Gubernur DKI Jakarta Pramono Anung menekankan pentingnya kepercayaan publik sebagai fondasi utama pertumbuhan bank daerah.
“Kalau trustnya sudah bisa dibangun, saya yakin, bank ini akan terbang. Makakolaborasi yang dilakukan dengan visa menurut saya adalah salah satu Langkah untuk membangun trust, membangun kepercayaan dengan publik,” ujar Pramono.
Pernyataan tersebut mencerminkan realitas industri perbankan nasional, di mana kepercayaan dan reputasi menjadi kunci di tengah persaingan ketat serta percepatan digitalisasi. Data Otoritas Jasa Keuangan menunjukkan, transaksi non-tunai di Indonesia terus tumbuh dua digit setiap tahun, seiring meningkatnya mobilitas masyarakat dan aktivitas ekonomi lintas negara.
Direktur Utama Bank Jakarta Agus H. Widodo menegaskan bahwa peluncuran Kartu Debit Visa bukan sekadar ekspansi produk, melainkan bagian dari transformasi menyeluruh institusi. “Peluncuran Kartu Debit Visa Bank Jakarta bukan sekadar peluncuran produk, tetapi merupakan milestone penting dalam perjalanan transformasi Bank Jakarta. Melalui kartu ini, kami memperkuat kapabilitas transaksi nasabah sekaligus menegaskan arah Bank Jakarta sebagai bank yang semakin modern, kompetitif, dan terhubung secara global,” ujarnya.
Agus menambahkan, penguatan transaksi menjadi fondasi utama dalam membangun hubungan jangka panjang dengan nasabah sekaligus menciptakan pertumbuhan yang sehat dan berkelanjutan—sejalan dengan tuntutan industri perbankan yang semakin berbasis teknologi dan pengalaman pengguna.
Dari sisi mitra global, Visa melihat kolaborasi ini sebagai bagian dari komitmen mendorong transformasi digital perbankan Indonesia.

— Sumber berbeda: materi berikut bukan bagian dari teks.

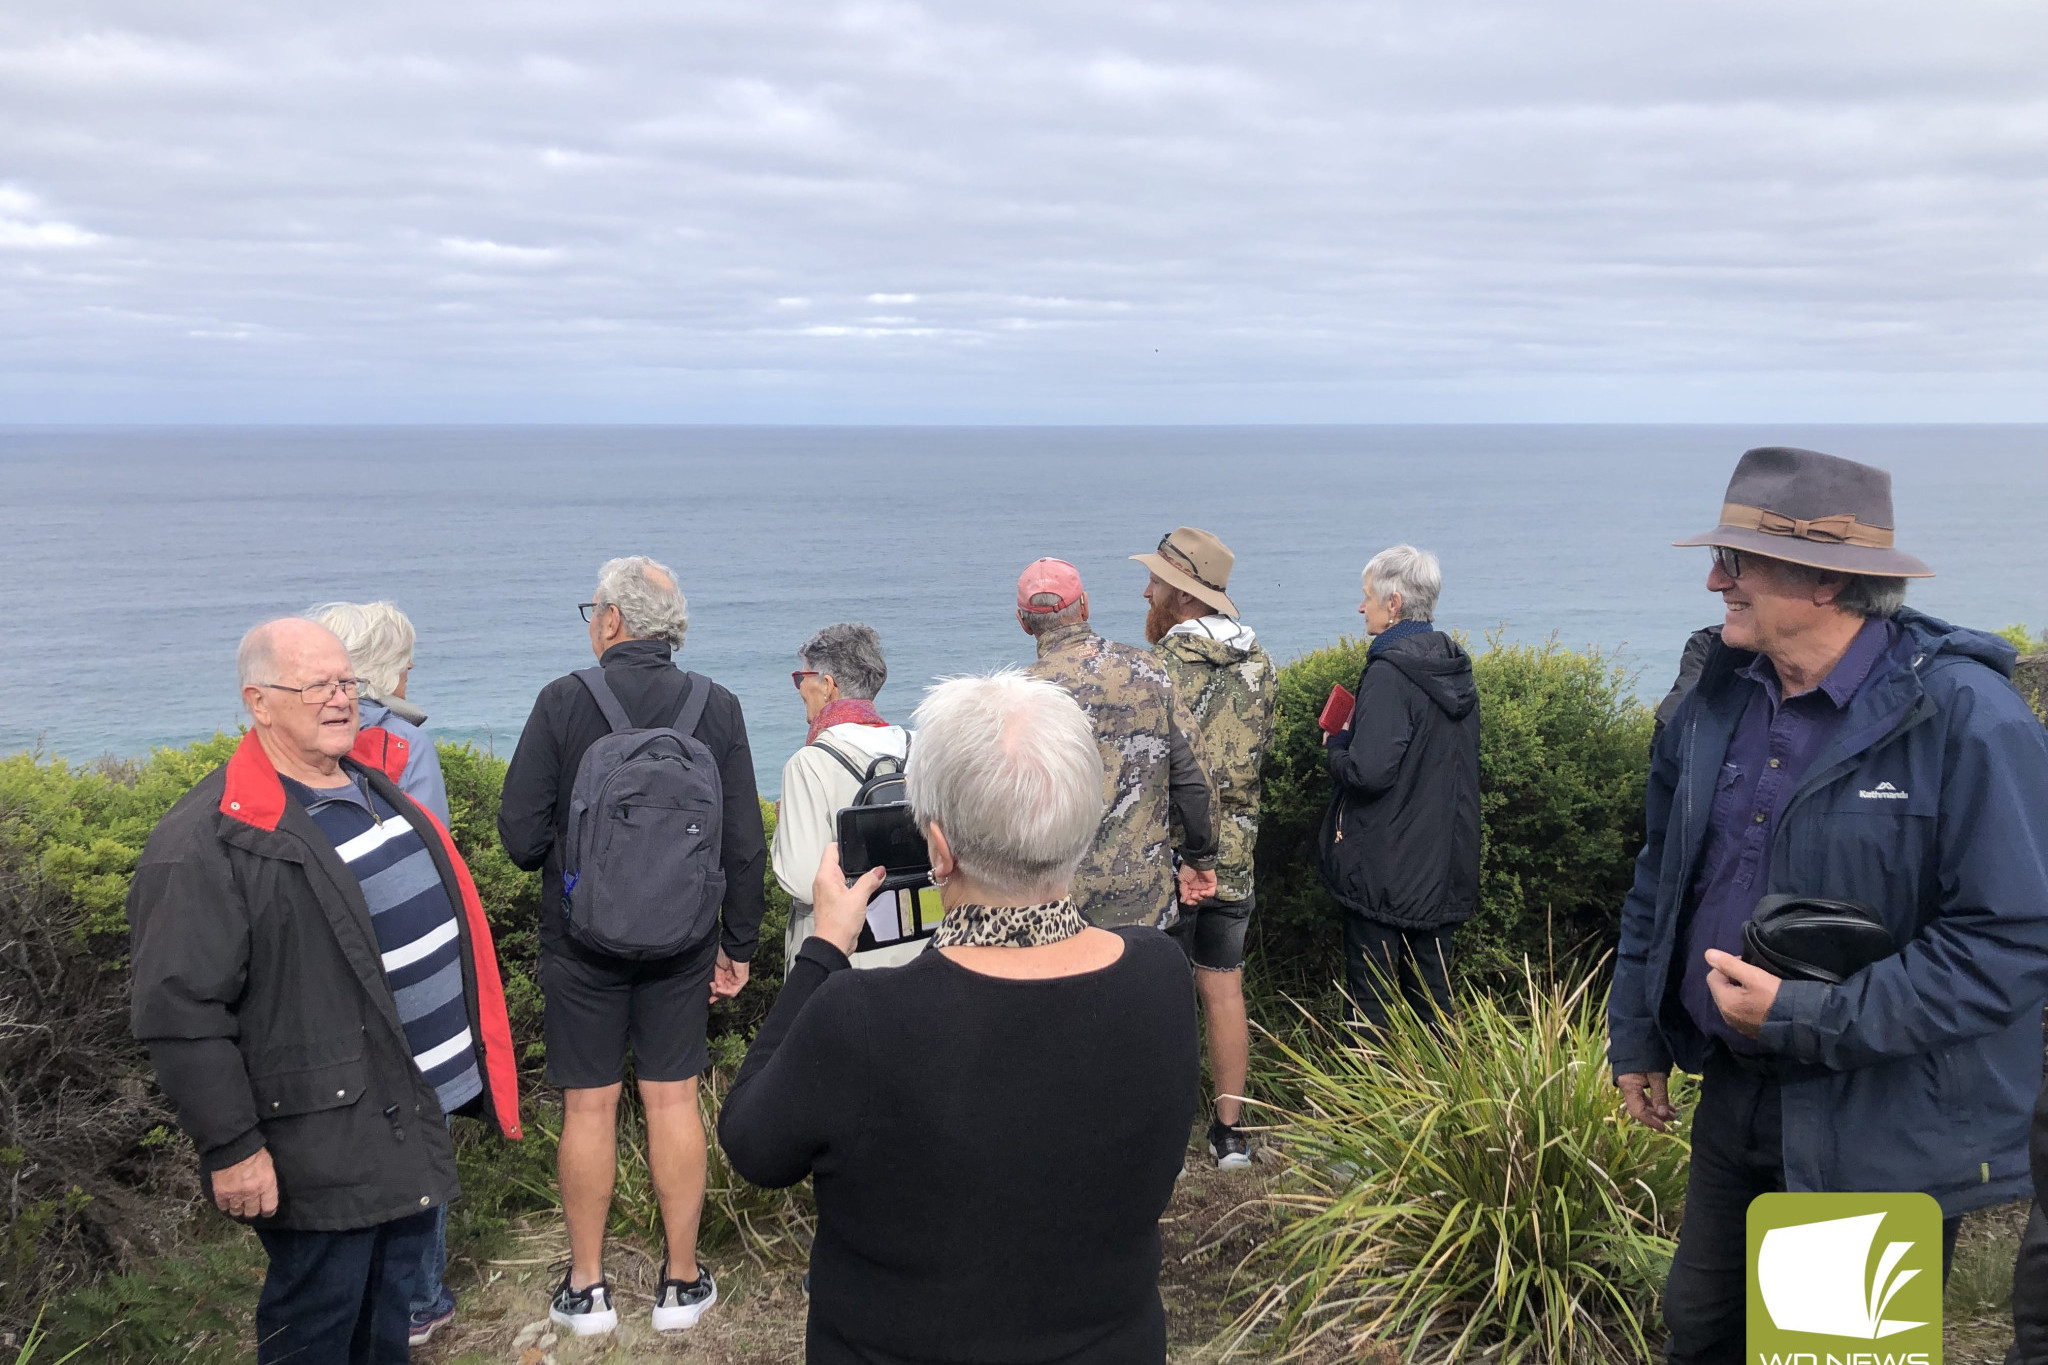 Memorial: Twenty five people – some from as far away as New Zealand – attended a special tribute at the wreck site of the Fiji which struck trouble in 1891.

“Merupakan sebuah kebanggaan bagi Visa untuk mendukung Bank Jakarta dalam peluncuran Kartu Debit Visa terbaru yang dirancang untuk menghadirkan pengalaman transaksi yang aman, praktis, dan terhubung secara global… Kolaborasi ini menegaskan komitmen Visa dalam mendorong transformasi digital dan memberikan pengalaman pembayaran yang tepercaya sesuai kebutuhan nasabah masa kini,” jelas Vira Widiyasari.
Kartu Debit Visa Bank Jakarta hadir dalam dua varian—Visa Classic dan Visa Platinum—termasuk opsi berbasis prinsip syariah. Kartu ini dapat digunakan di jutaan merchant dan ATM berlogo Visa di seluruh dunia, baik untuk pembayaran ritel, transaksi e-commerce, maupun penarikan tunai saat bepergian ke luar negeri.
Dari aspek keamanan, kartu ini telah dilengkapi teknologi chip EMV untuk menekan risiko skimming serta proteksi 3D Secure pada transaksi online. Langkah ini sejalan dengan tren global di mana keamanan siber menjadi prioritas utama dalam sistem pembayaran digital.
Peluncuran ini juga memperkaya ekosistem pembayaran Bank Jakarta, menghadirkan pengalaman transaksi yang lebih seamless, fleksibel, dan selaras dengan gaya hidup masyarakat urban yang semakin global.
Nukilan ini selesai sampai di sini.